TASK BRIEF: Please give back the listing below word for word, without the images.

RECORDED INFORMATION:
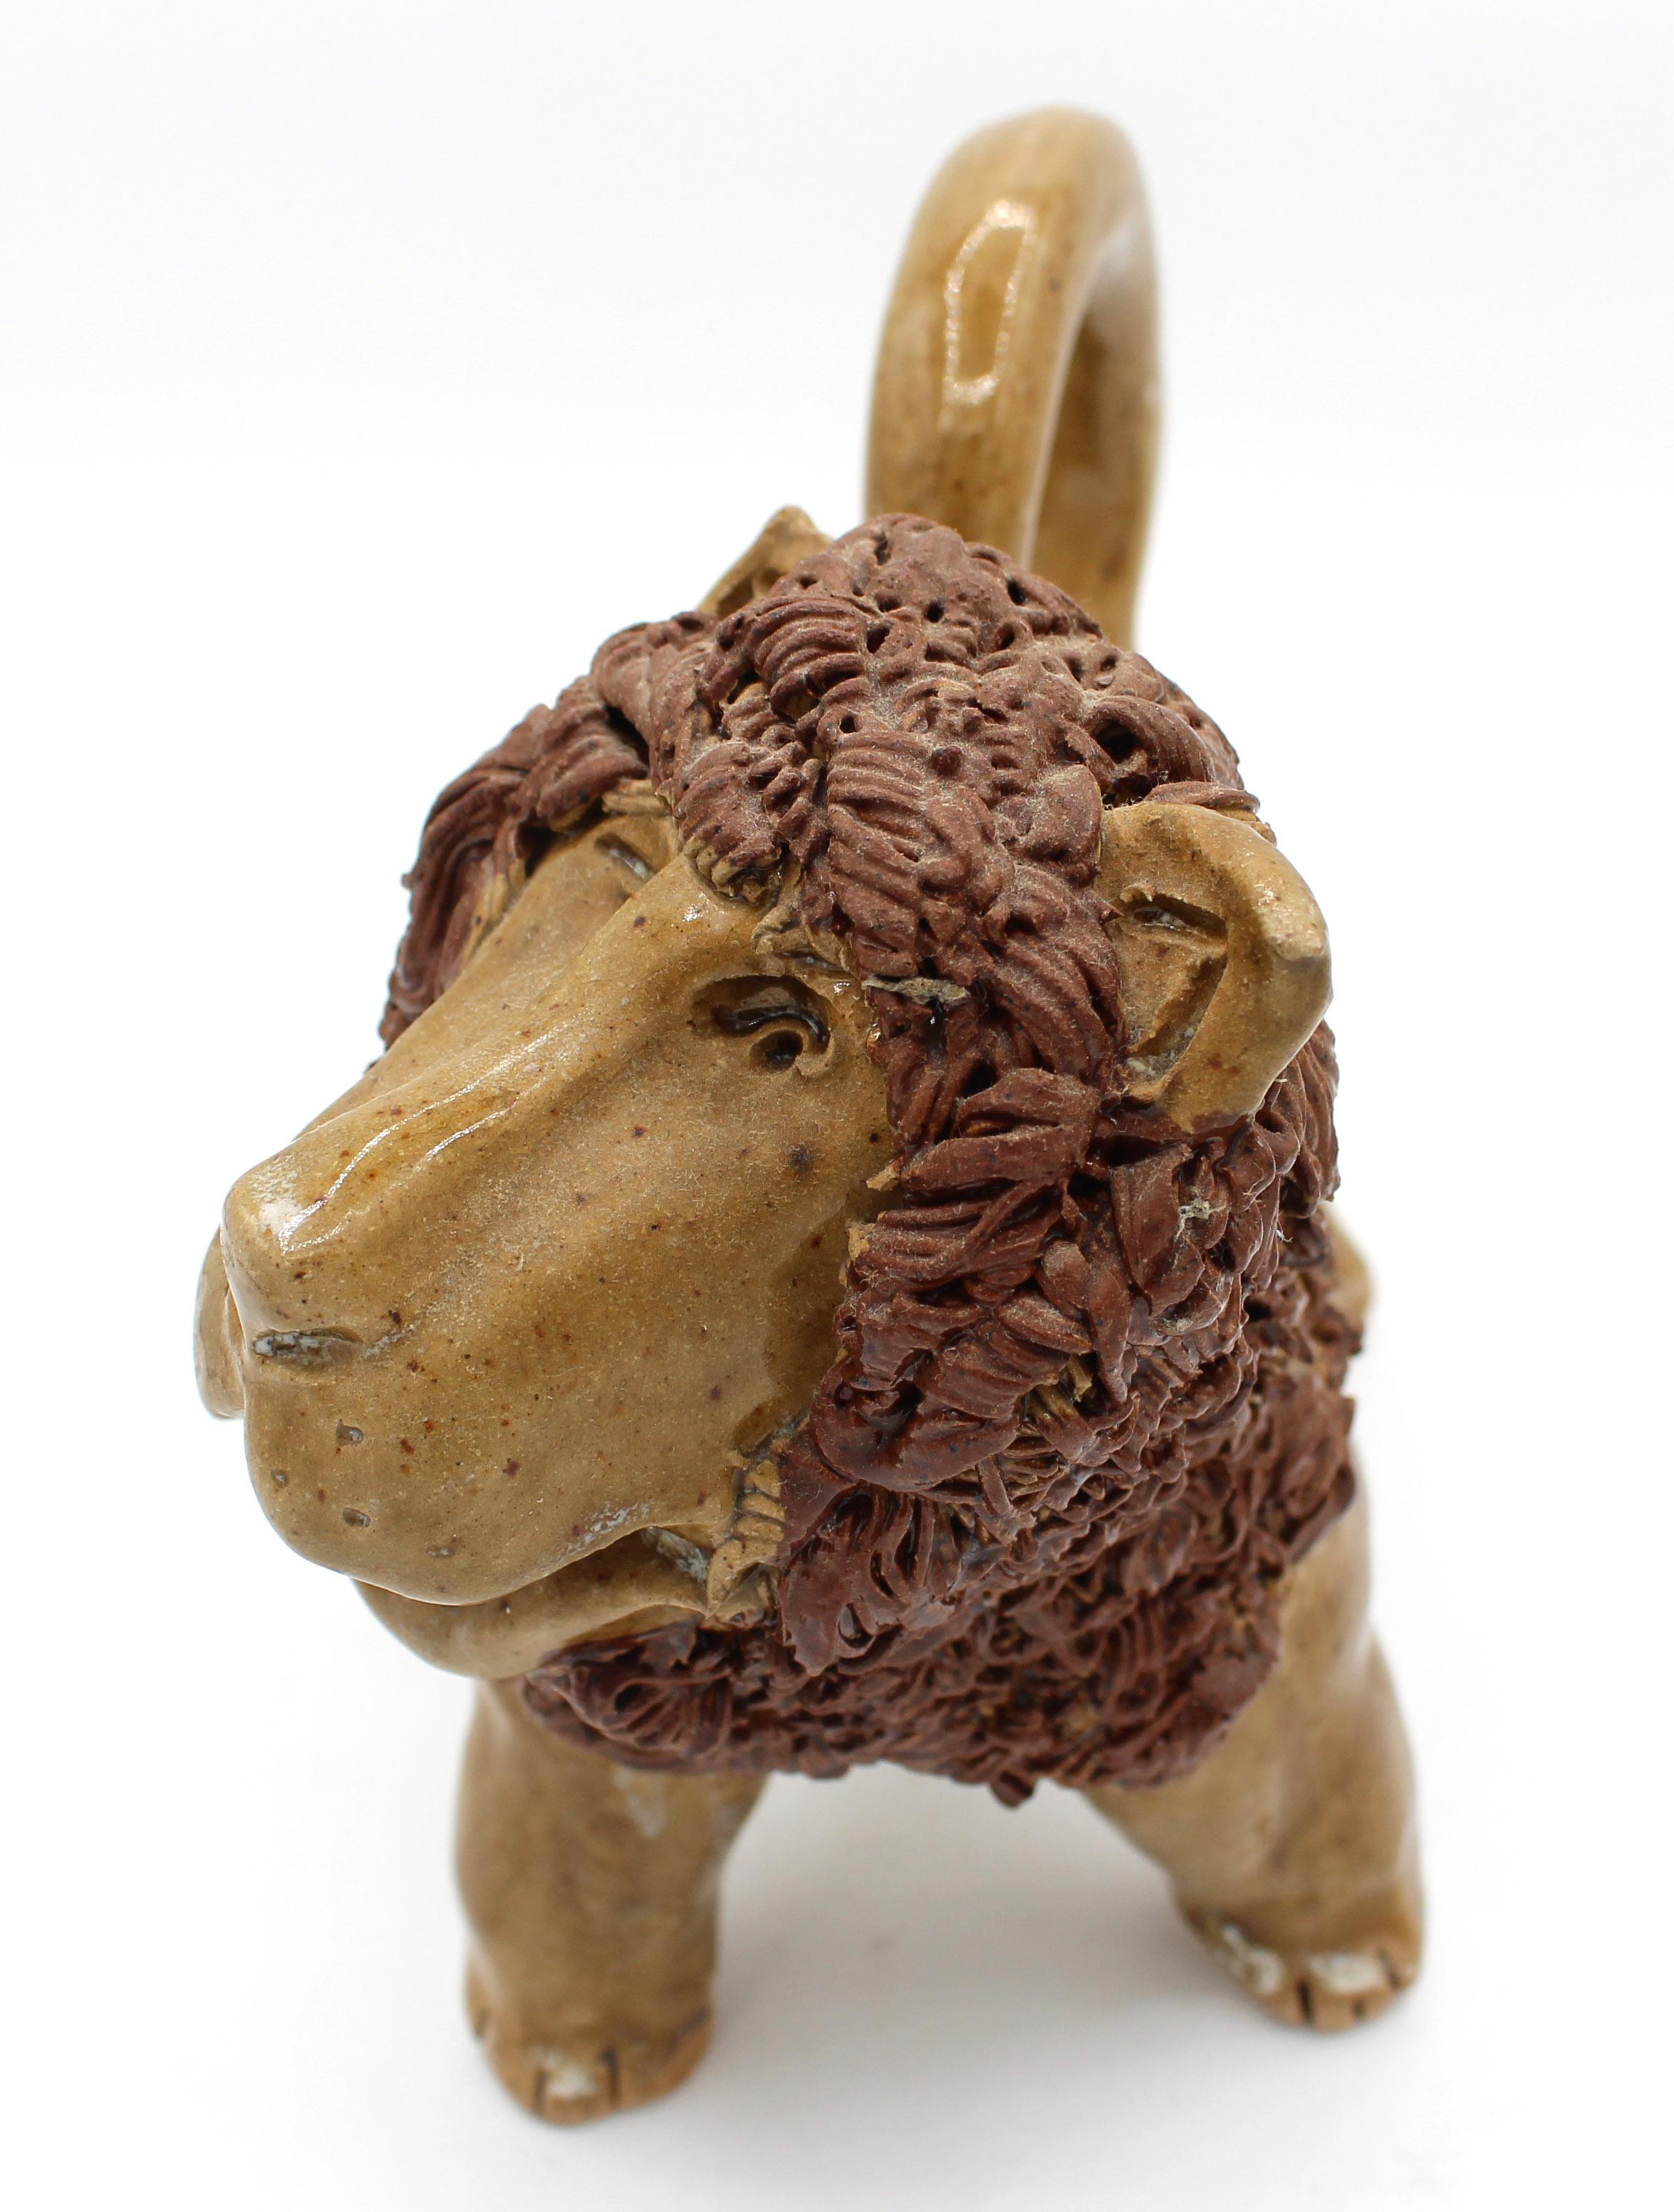 Lion en poterie signé en 2007 par Crystal King, Seagrove, NC. Les figurines d'animaux sont difficiles à trouver et très populaires - celle-ci avec un beau visage !
8,75
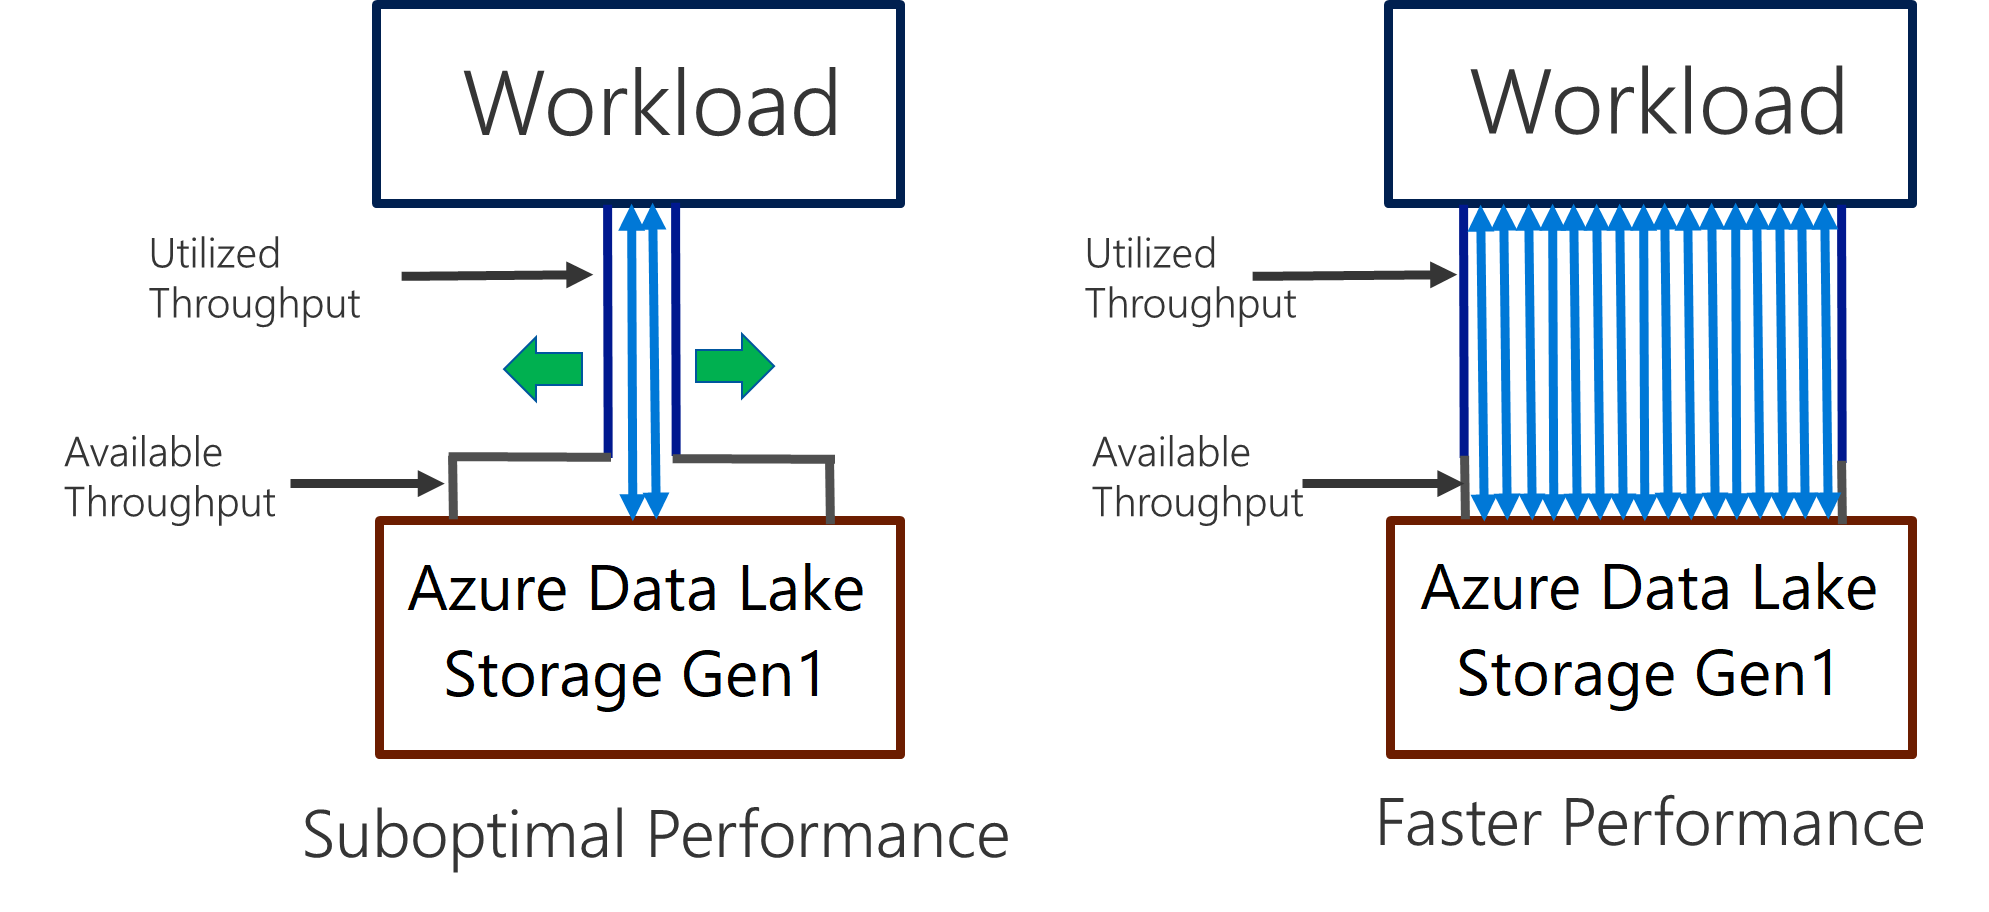 Data Lake Storage Gen1 prestaties
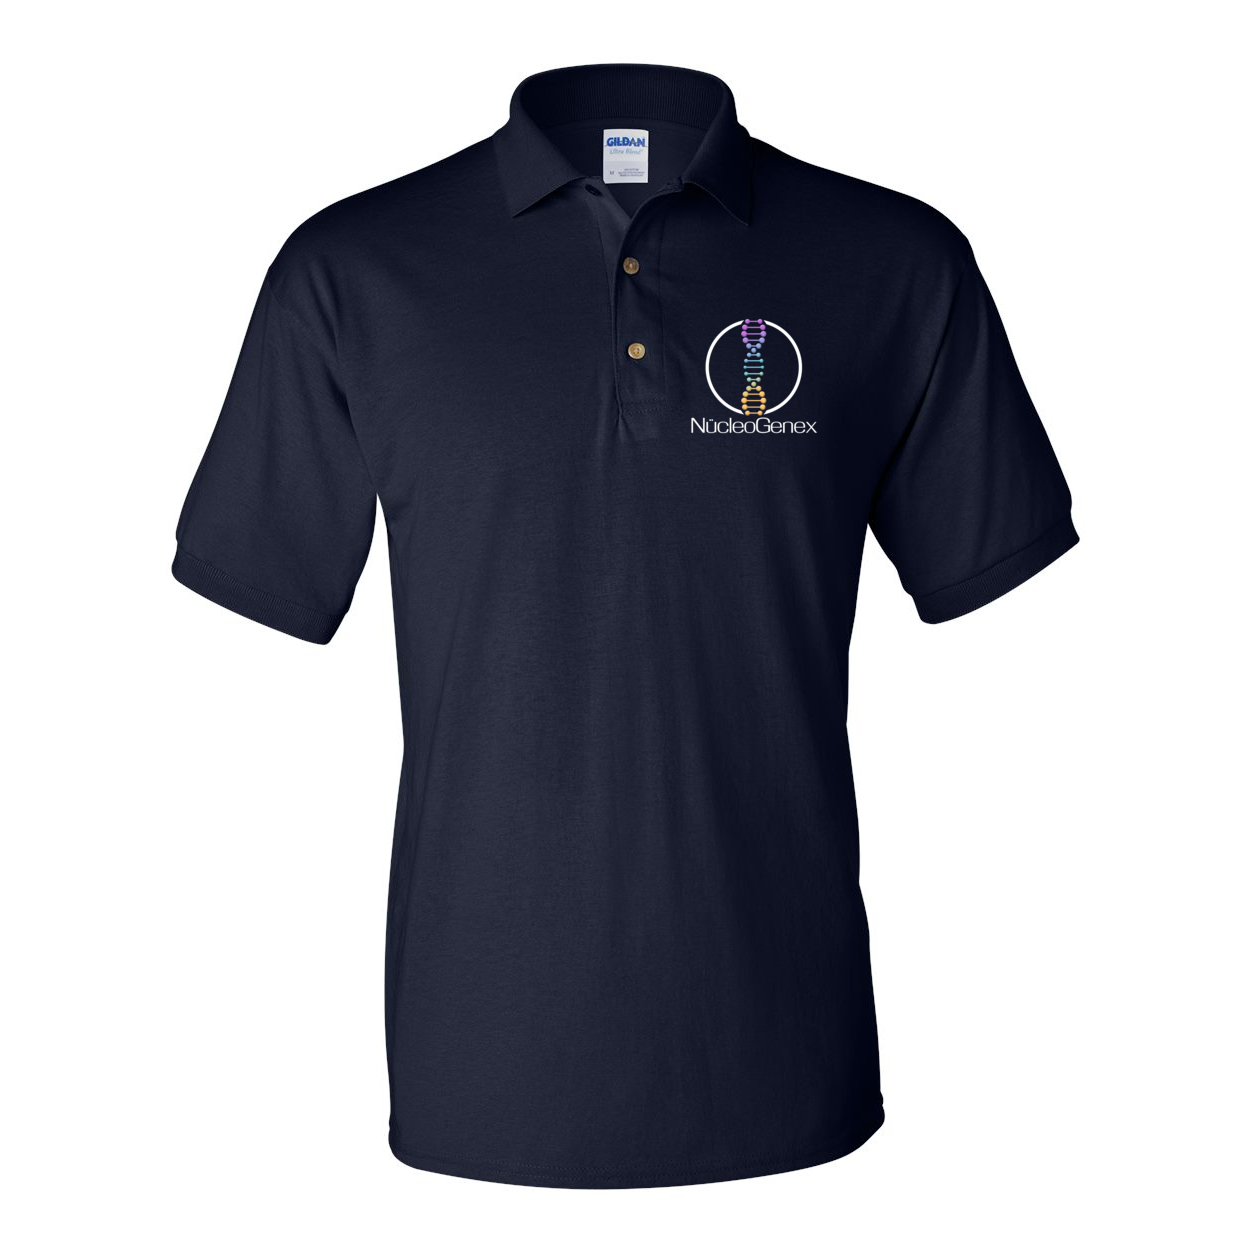 DryBlend® Jersey Sport Shirt

EXERCISE OUTPUT:
 Lion en poterie signé en 2007 par Crystal King, Seagrove, NC. Les figurines d'animaux sont difficiles à trouver et très populaires - celle-ci avec un beau visage !
8,75
 Data Lake Storage Gen1 prestaties
 DryBlend® Jersey Sport Shirt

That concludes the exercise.